-- SUPPLIED RECORDS follows --

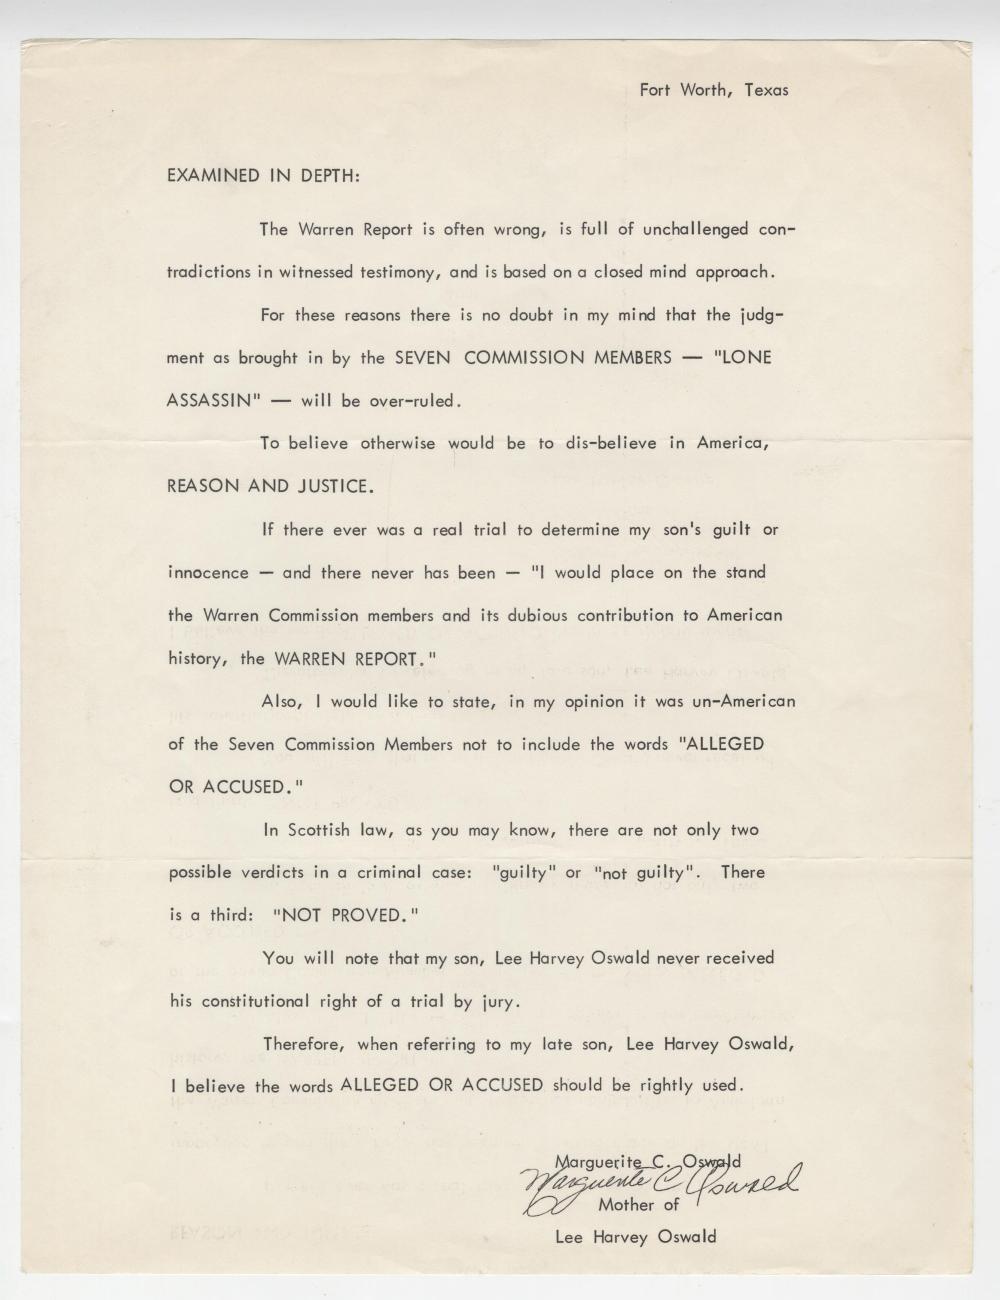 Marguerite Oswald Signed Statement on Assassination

-- SUPPLIED RECORDS concluded --
-- SUPPLIED RECORDS follows --

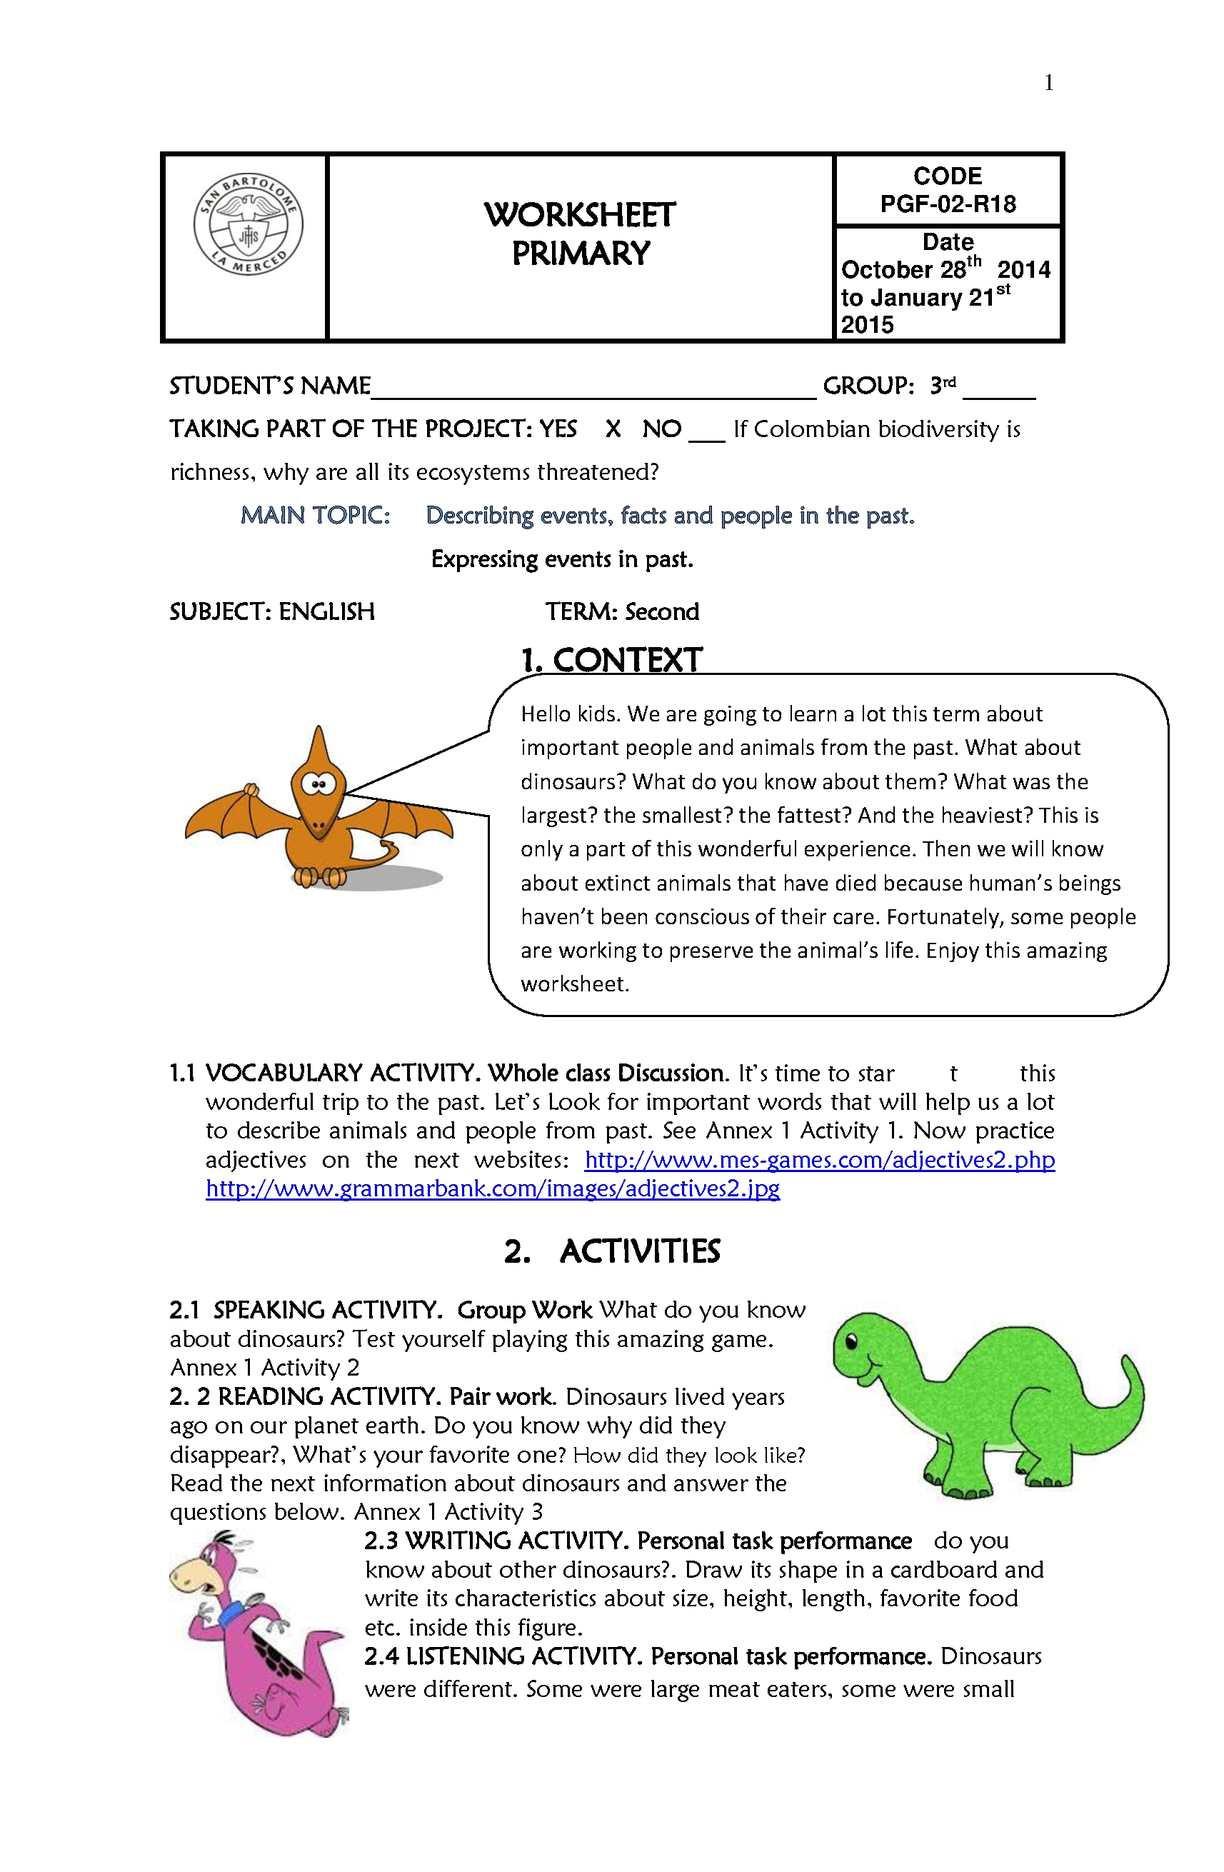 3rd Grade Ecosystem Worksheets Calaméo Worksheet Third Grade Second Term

-- SUPPLIED RECORDS concluded --
-- SUPPLIED RECORDS follows --

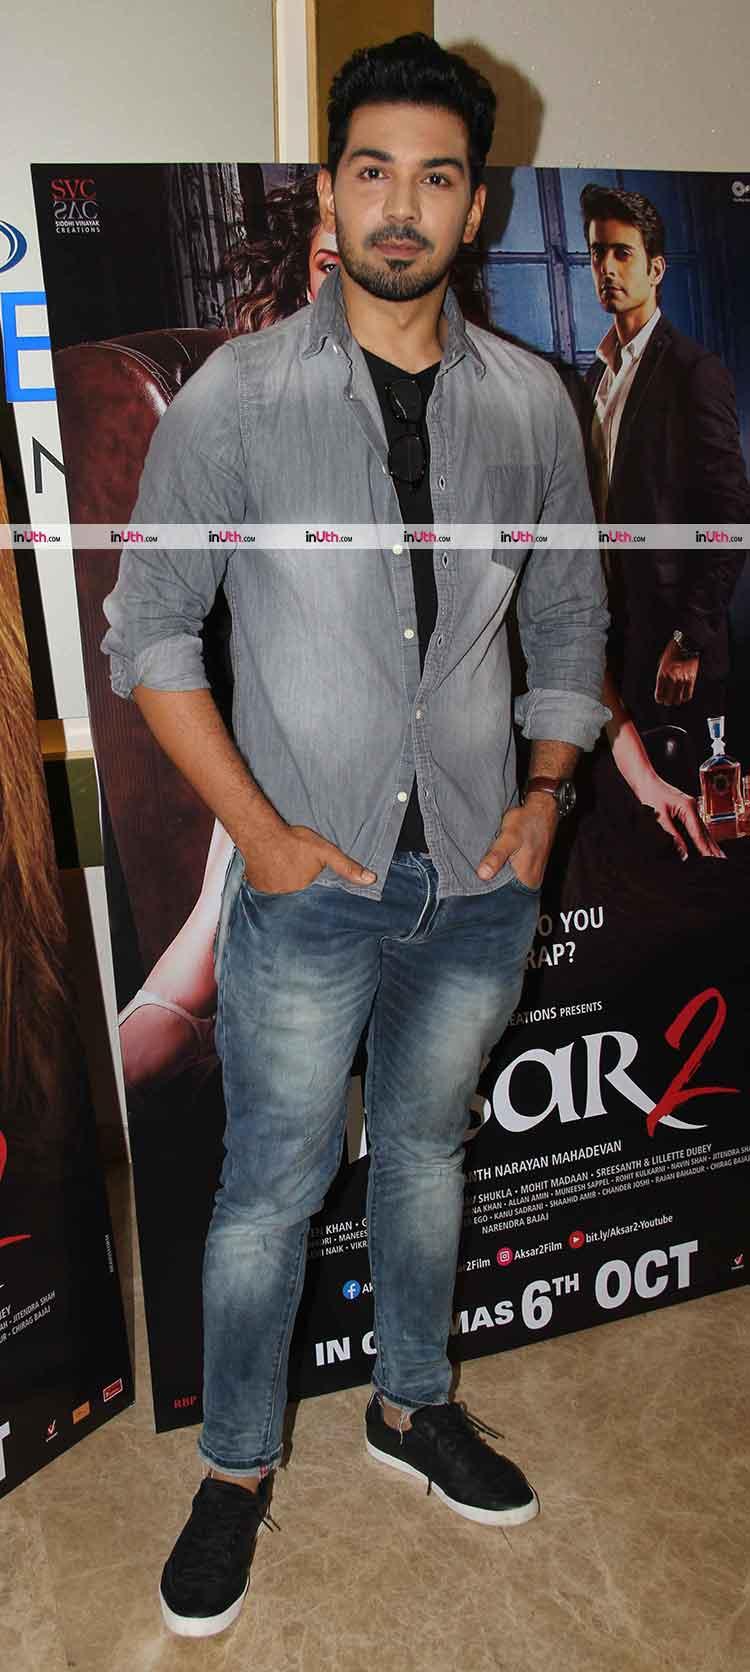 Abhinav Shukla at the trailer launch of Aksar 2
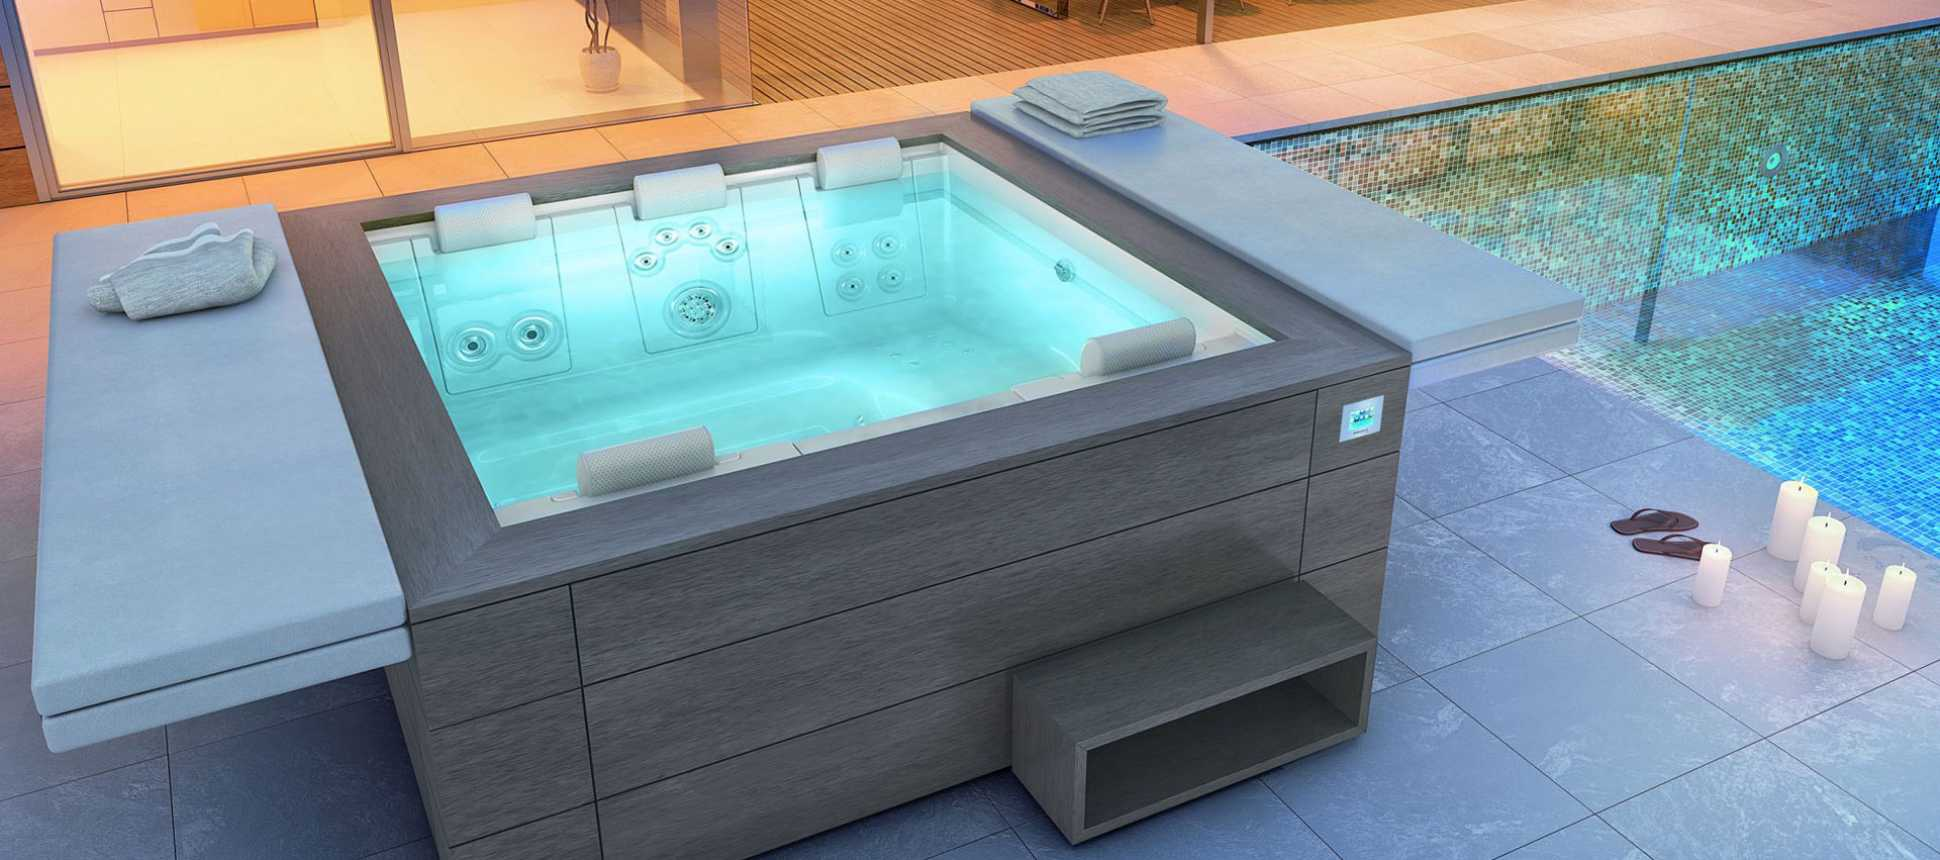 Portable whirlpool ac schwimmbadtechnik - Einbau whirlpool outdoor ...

-- SUPPLIED RECORDS concluded --

YOUR GOAL: Your copy should hold the lines from the one with "Abhinav Shukla at" up to and including the one with "Portable whirlpool ac", exactly as in the data above, and no pictures.

OUTPUT OF THE EXERCISE:
 Abhinav Shukla at the trailer launch of Aksar 2
 Portable whirlpool ac schwimmbadtechnik - Einbau whirlpool outdoor ...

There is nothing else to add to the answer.